One residual from Timothy Geithner’s rough confirmation back in January — “Turbo Tax Tim” and all that — is that his political position is probably a bit more precarious than that of the typical newbie treasury secretary.
Not only has Geithner been a frequent target of late-night comedy shows, he’s the public face of the unpopular bank and automaker bailouts. High unemployment rate isn’t helping either.
No surprisingly, a new Rasmussen poll finds that 42 percent of Americans think Geithner has done a “poor” job handling the economy versus 20 percent who rate him “good or excellent.” And the furor over his handling of the AIG bailout has yanked the competence issue back to the forefront.
So there is little political risk from calling for his resignation, as Representative Peter DeFazio, an Oregon Democrat, and several Republicans have done. But, my sources say, there seems to be little White House appetite at this moment for ousting Geithner, who certainly has no plans of his own for a fast exit. Expect him to stick around until at least November 2010.
And why would Obama cut him loose when doing so would be tantamount to a vote of disapproval in his own economic policies?
No one has charged Geithner with going rogue, after all. So blame the model, not the man, if you must. Not to mention a quick hook would stink of panic.
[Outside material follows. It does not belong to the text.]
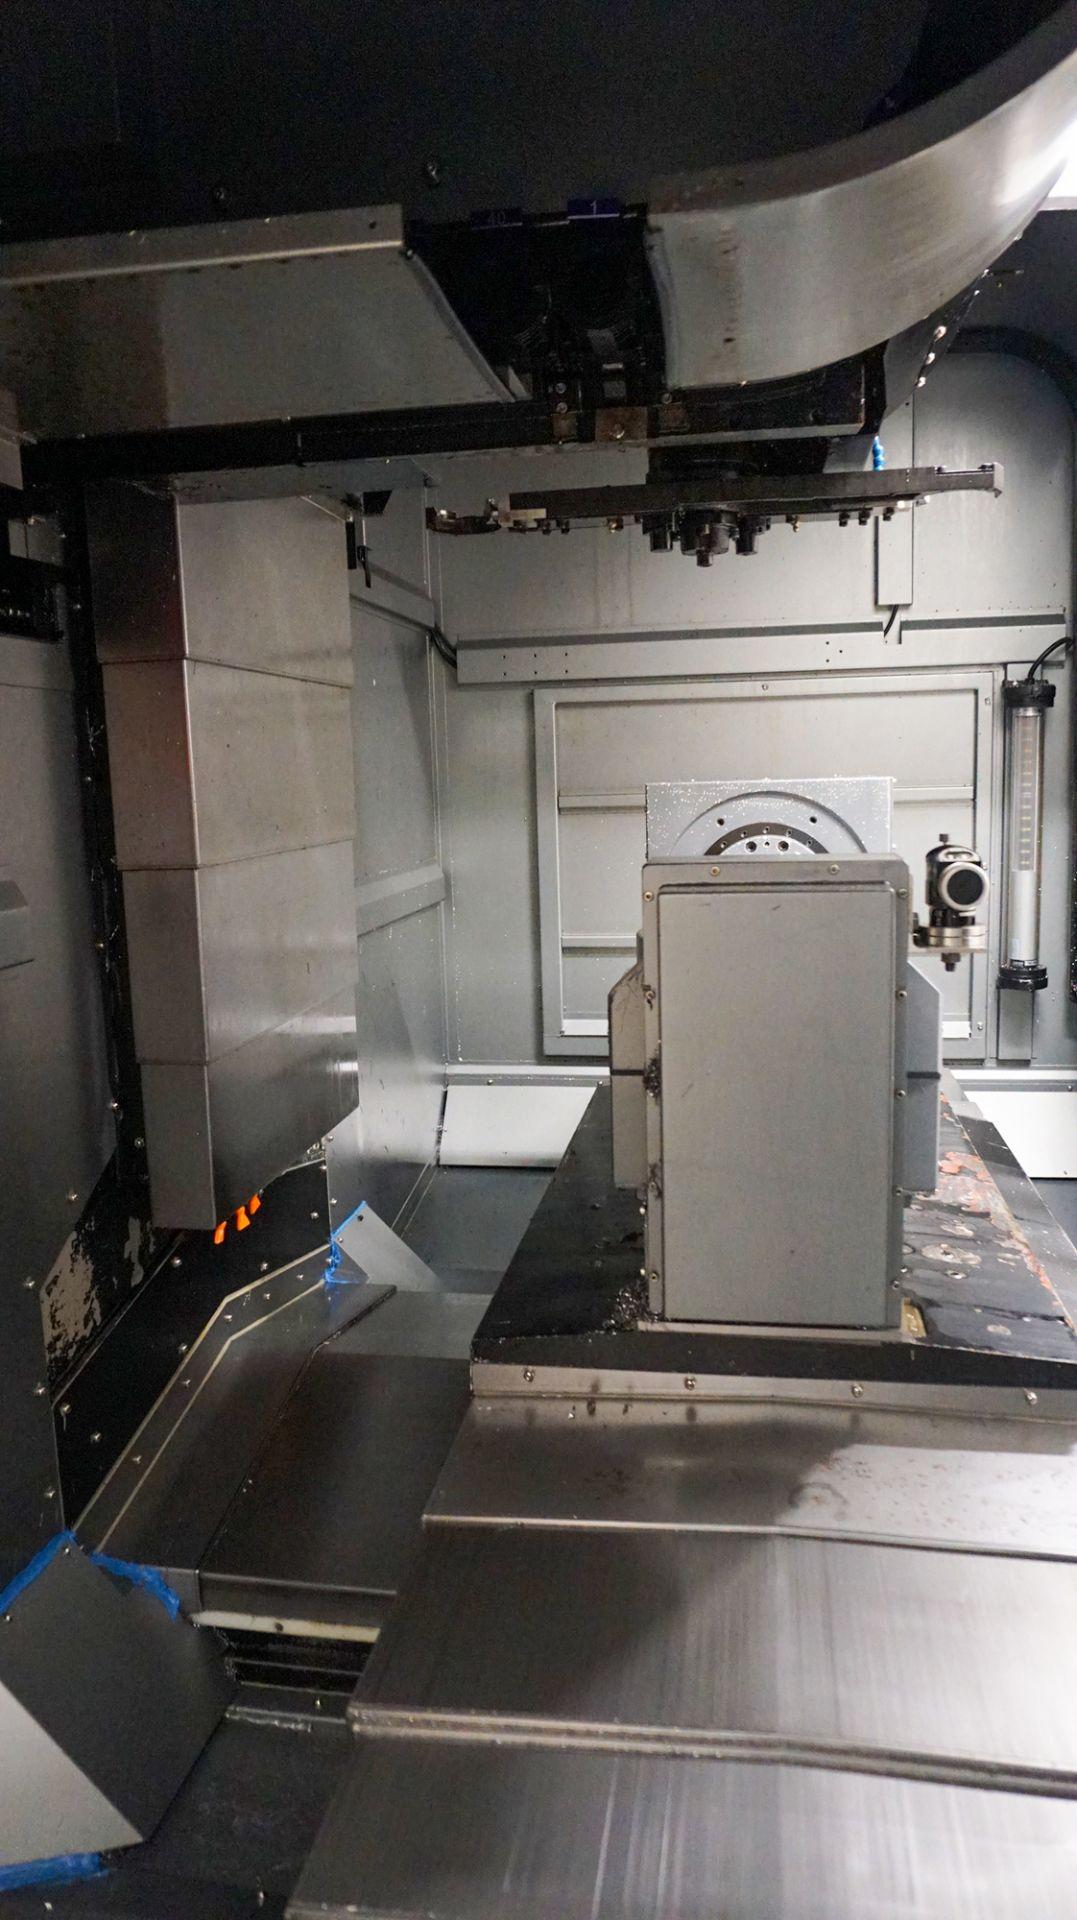 HURCO (2012) VMX42UI 5 AXIS CNC VERTICAL MACHINING CENTER WITH HURCO DUAL SCREEN CNC CONTROL, 13. - Image 13 of 20

Top cabinet secretaries of first-term presidents rarely leave before the midterm elections.
Nor does Geithner have much to fear from a whisper campaign to put JPMorgan CEO Jamie Dimon in the job, according to insiders. Despite the rumors, Dimon doesn’t want the gig. What banker would, given the current populist political climate?
It seems unlikely that radioactive Wall Street will be supplying Geithner’s eventual successor. More likely candidates: Rahm Emanuel (he of the frequent phone calls to Geithner), White House chief of staff; Janet Yellen, president of the San Francisco Federal Reserve; Lawrence Summers, director of the National Economic Council; and Roger Ferguson, CEO of TIAA-CREF and former Fed vice chairman.
But the calls for Geithner’s resignation, as well as stunts like the Congressional Black Caucus blocking a key House committee vote on financial reform, indicate a degree of desperation among congressional Democrats. They see high unemployment and dissatisfaction with Obama’s scattered focus on the issue as driving the anti-incumbent mood.
Unlike in sports, in government it’s the players, not the coach, who gets fired. And that’s why some Dems think one way to save their jobs in 2010 is by suggesting that Geithner lose his today.

Blaming Geithner, or Paulson, for the great panic of 2008 is absolutely insane. Bears and Lehman were ruined when giant banks around the globe began reporting huge mortgage losses, securities where both Bears and Lehman were heavily invested. Then, behemoth banks, hege fund managers, and overnight financiers panicked and began yanking their financing from investment banks like, Bears and Lehman, who were heavily invested in these securities. It was nothing short of a good ol’ fashion panic; only this time it hit the unregulated, grossly leveraged investment houses. In unprecedented fashion, Geithner, Paulson, and Bernanke used the powers of the Fed to rescue the entire financials industry. Their alleged bailout of Bear Stearns did little more than protect Bears’ creditors and the global financial system. Bears shareholders and employees lost billions!! Look at what happened when Paulson couldn’t stomach being castigated again in the press and let Lehman fall: the down plunged over 500 points and the recession was on in earnest! Could you imagine what would have happened if Bears, Lehman, Merrill Lynch, AIG, and Fannie and Freddie were all allowed to go under? Lehman alone tanked the markets over 500 points!! If these institutions defaulted on ALL of their contractual obligations, commercial banks all over the world would have been ruined! You think 10% unemployement is bad, which we had in 1982 under Reagan, try the 30% and up we had in the great depression. That’s where we we’re headed but for the courage of these guys to take extraordinary steps to save us. If Greenspan had acted with similar aplomb, and taken the air he knew existed out of the housing bubble, it probably would never have come to this. The simple truth is that capitalism, like everything else, fails every now and then. And those who save us from its uncommon failures shouldn’t be pilloried by a bunch of brain dead politicians, many of whom thought that Enron and it’s real crooks were great guys!